In the first part of this two-part series, we examined the origins of the timesheet and the recording of time & attendance in general. Its purpose in ensuring the right pay for the right person for the hours worked and to help avoid worker exploitation. We also touched on the digital revolution and how it has sped up the process, but how it has also failed to curb the converse issue to worker exploitation, that of time theft.

In an interesting quirk of fate, King Hammurabi of Babylonia – the man who invented the timesheet nearly 4,000 years ago – also gave us a hint as to the future of time and attendance: biometrics.

The Code of Hammurabi was not signed with a scrawl of charcoal or a wax seal as we might expect, but with a thumbprint.

While the King may not have been as acutely aware as we are now of the truly unique nature of a fingerprint (or even a partial), he must still have known that signing the document in such a way could be authenticated in some way. While a decent artist might forge a signature, or sculptor forge a seal, it would be incredibly difficult to accurately forge the print of a body part, and therein lies the beauty of biometric identification.

What Are Biometrics?

The term “biometrics” relates to criteria specific to an individual’s body and how those criteria can be measured.

We employ biometric systems in our everyday lives when we recognise a friend on the street, or know who is speaking to us when we pick up the phone.
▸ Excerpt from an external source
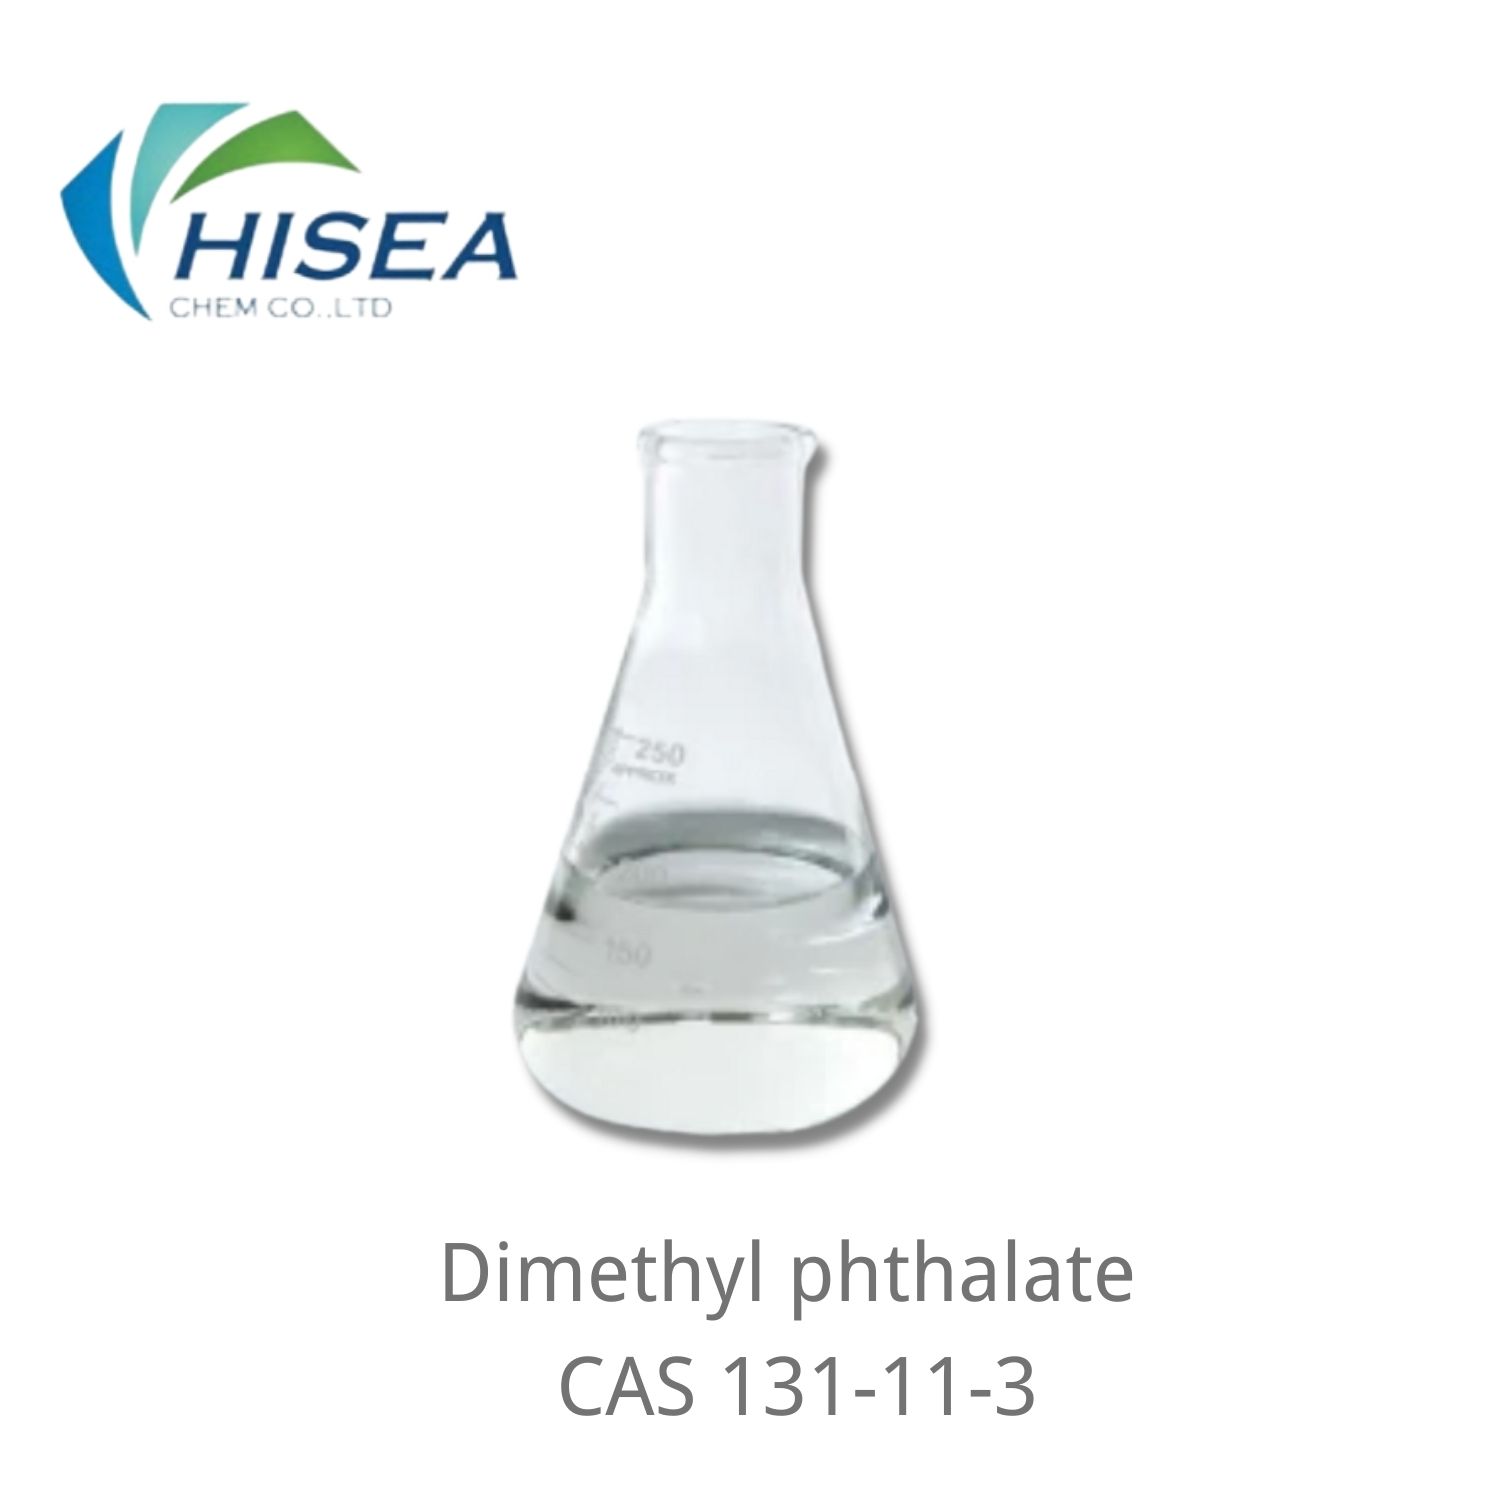 Composite-Synthese in Industriequalität Dimethylphthalat

Our brains have measured and stored their unique facial features, tone of voice, and speaking patterns.

In terms of machine-readable identification, the most common examples include fingerprinting, iris or retinal scans, or facial recognition technology. Delving deeper, usually within the realms of criminal forensics, we can also examine voice patterns, typing cadence, the way someone walks (gait) and even ear prints!

How Can Biometrics Help With and Time & Attendance?

The biggest drawback of old timesheets and punchcards, as well as more modern swipe cards and keyfobs, is that there is virtually no authentication on who is using them. Just because Dom is flagged as entering the building at 08.59, it doesn’t mean it wasn’t Zoe doing it for him as a favour because he needed to pop to the shop first.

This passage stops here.